Full credit for this recipe goes to Chris Kirby, the brains behind Ithica Cold Crafted, who casually whipped up what has become one of my all-time favorite salads out of a random assortment of ingredients from our shared vacation home refrigerator. We were lucky enough to spend the week with Chris and his wife Anne (one of my best and oldest friends) in Maui, mostly eating and lounging. This salad brings me right back to that magical tropical mindset, and I hope it does the same for you!
This is an incredibly simple dish, but it has the most incredible flavors and texture. Dicing the mango and vegetables into very small cubes is a necessary, if tedious, step, as it creates a salad where every bite is loaded with goodies. As with all of my recipes, substitution and experimentation are encouraged. Enjoy!

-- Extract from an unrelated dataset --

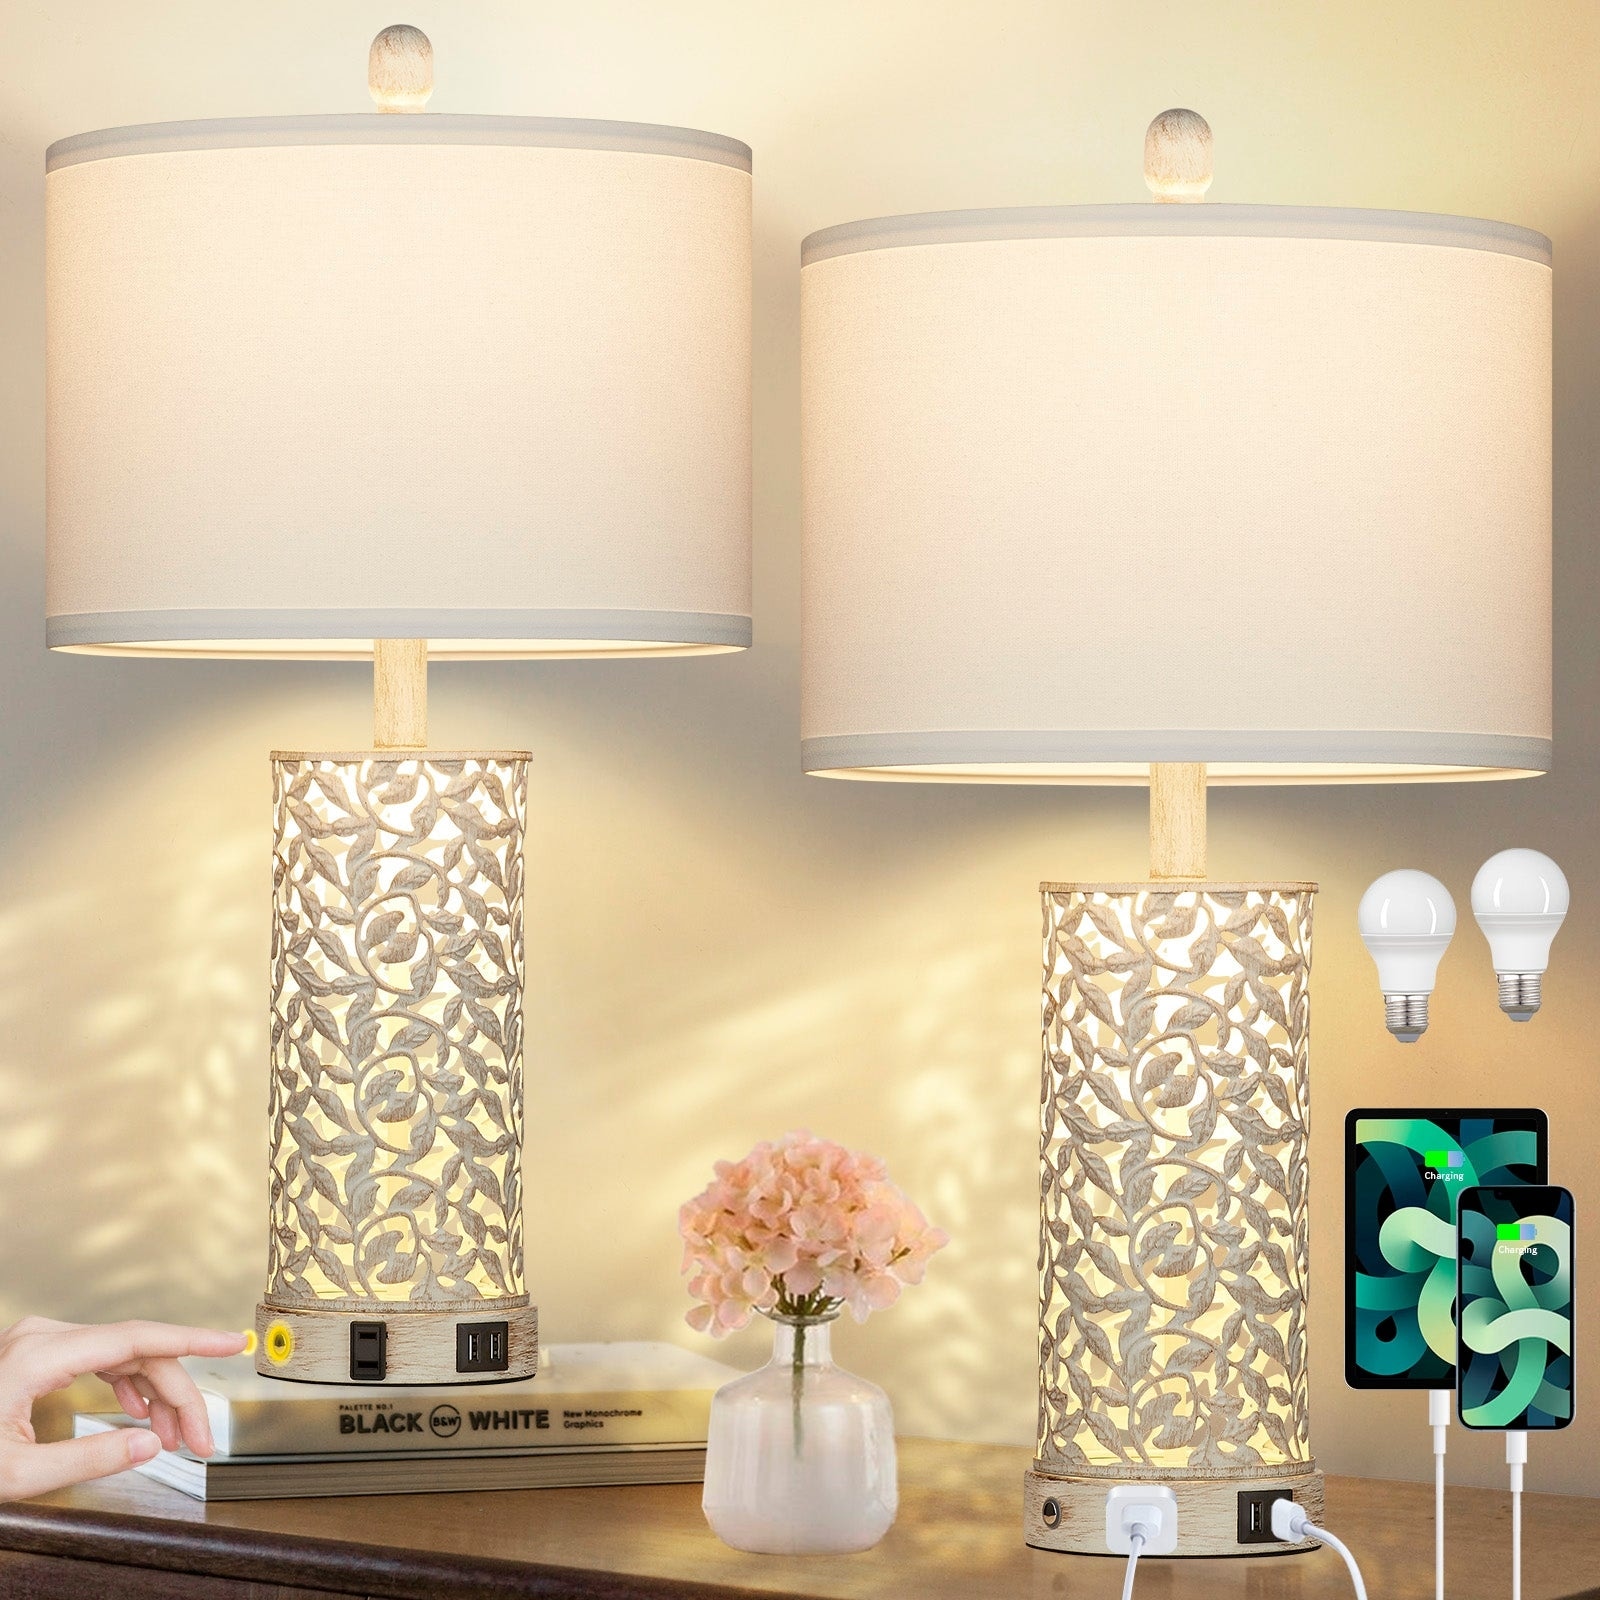 Table Lamps Nightlight 2in1 White with Gold Metal USB Ports AC Outlet Touch Switch(Set of 2)

- 1/2 medium red onion, sliced into crescent slivers
- 1 mango, finely diced
- 1 cucumber, finely diced
- 1 avocado, finely diced
- about 6 cups spinach and arugula mixture (about 3 cups of each)
- 2 tablespoons rice vinegar
- 2 tablespoons olive oil
- 1/2 teaspoon salt
- pepper to taste
- handful of roasted pepitas or crushed macadamia nuts
Combine the onion, cucumber, mango, avocado, vinegar, olive oil, salt, and pepper. Stir and let marinade for at least 5 minutes.
Prepare a salad bowl with the spinach and arugula. Layer the greens with the mango mixture, and top with pepitas or crushed macadamias.
Toss the salad, and serve immediately.
*To make ahead, prepare the mango mixture, and store in the refrigerator until ready to top the greens and serve.